Greater than 3,000 Web-accessible Apache ActiveMQ Servers are uncovered to a important distant code execution vulnerability that an attacker has begun actively concentrating on to drop ransomware.
The Apache Software program Basis (ASF) disclosed the vulnerability, tracked as CVE-2023-46604, on Oct. 27. The bug permits a distant attacker with entry to an ActiveMQ message dealer to execute arbitrary instructions on affected techniques. Proof-of-concept exploit code and full particulars of the vulnerability are publicly obtainable, which means that menace actors have each the means and the data to launch assaults in opposition to the vulnerability.
Exploit Exercise
Researchers at Rapid7 reported observing exploit exercise concentrating on the flaw at two buyer places, beginning the identical day that ASF disclosed the menace. “In each situations, the adversary tried to deploy ransomware binaries on course techniques in an effort to ransom the sufferer organizations,” researchers from Rapid7’s managed detection and response group stated a in weblog publish. They described each focused organizations as working outdated variations of Apache ActiveMQ.

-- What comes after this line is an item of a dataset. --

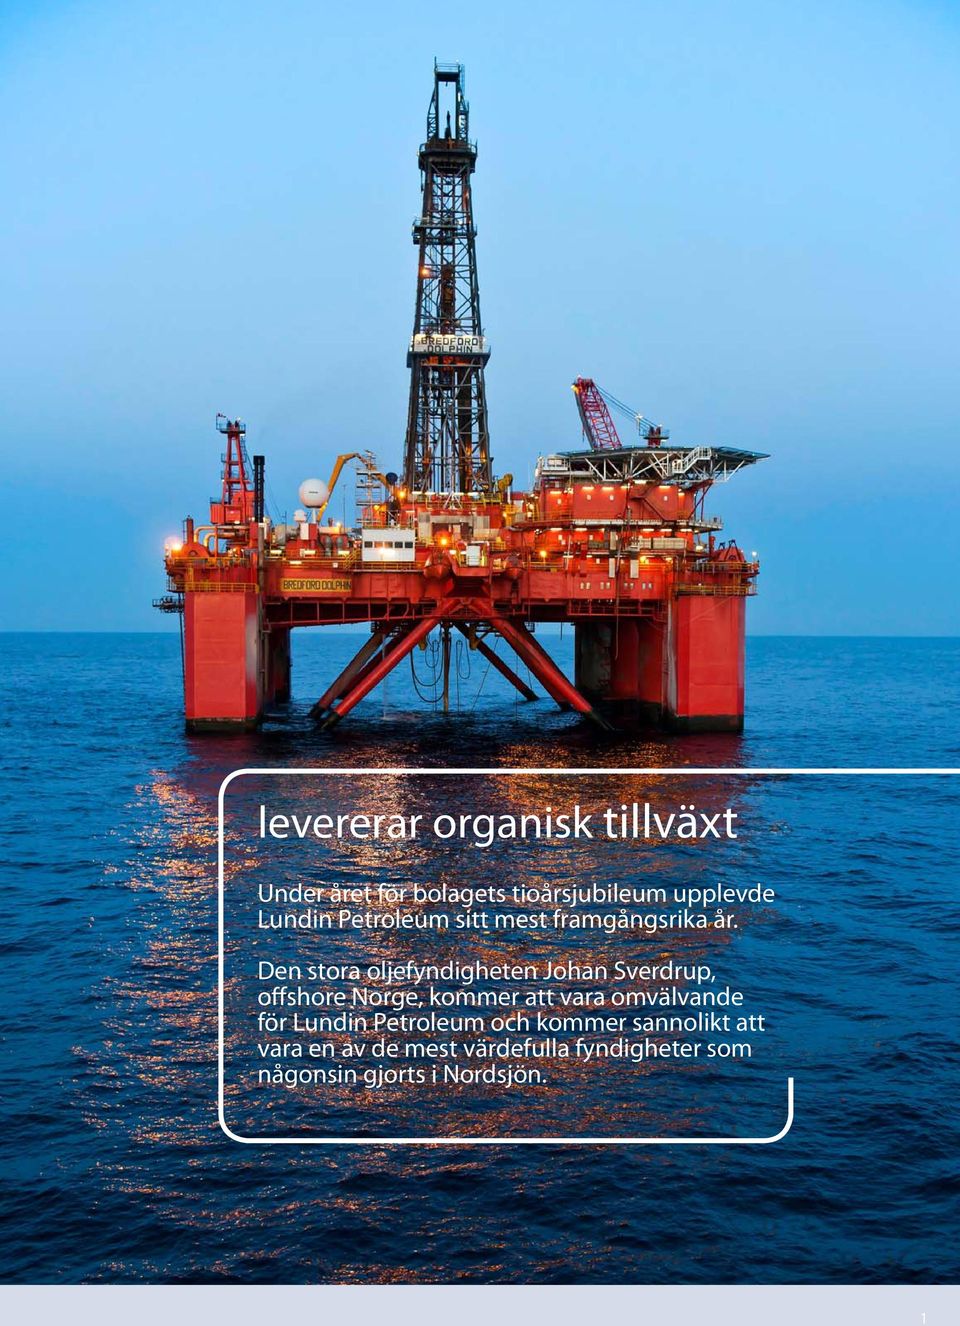 Den stora oljefyndigheten Johan Sverdrup, offshore Norge, kommer att vara

The researchers attributed the malicious exercise to the HelloKitty ransomware household, primarily based on the ransom notice and different assault attributes. HelloKitty ransomware has been percolating within the wild since at the very least 2020. Its operators have tended to favor double-extortion assaults by which they haven’t simply encrypted the information but additionally stolen it as extra leverage for extracting a ransom from victims.
The HelloKitty ransomware assaults leveraging the ActiveMQ flaw appeared considerably rudimentary. In one of many assaults, the menace actor made greater than a half dozen makes an attempt to encrypt the information, prompting the researchers to label to menace actor as “clumsy” of their report.
“Exploit code for this vulnerability has been publicly obtainable since final week, and our researchers have confirmed exploitability,” says Caitlin Condon, head of menace analysis at Rapid7. “The menace exercise Rapid7 noticed appeared like automated exploitation and wasn’t significantly subtle, so we might advise that organizations patch rapidly to guard in opposition to potential future exploitation.”
Over 3,000 Methods Susceptible to Assault
Some 3,329 Web-connected ActiveMQ techniques are weak to assault through CVE-2023-46604, in response to information the ShadowServer group launched on Oct. 30.
ActiveMQ is a comparatively standard open supply message dealer that facilitates messaging between totally different functions, providers, and techniques. The ASF describes the know-how because the “hottest open supply, multi-protocol, Java-based message dealer.” Information analytics agency Enlyft has estimated some 13,120 corporations — principally small and midsize — use ActiveMQ.
CVE-2023-46604 impacts a number of variations of Apache ActiveMQ and Apache ActiveMQ Legacy OpenWire Module. Susceptible variations embody Apache ActiveMQ variations earlier than 5.18.3; 5.17.6 ActiveMQ Legacy OpenWire Module earlier than 5.18.3 and earlier than 5.17.6 The ASF assigned the vulnerability a most doable severity rating of 10.0 on the CVSS scale and has launched up to date variations of the affected software program. ASF has really useful that organizations utilizing the know-how improve to the fastened model to mitigate threat.
CVE-223-466604 is an insecure deserialization bug — a type of vulnerability that occurs when an software deserializes untrusted or manipulated information with out first verifying if the information is legitimate. Adversaries usually exploit such flaws by sending a malicious crafted object that, when deserialized, executes malicious or unauthorized code, resulting in breaches and arbitrary code execution. Insecure deserialization bugs are frequent and have been an everyday function on OWASP’s checklist of prime 10 Net software vulnerability varieties for years.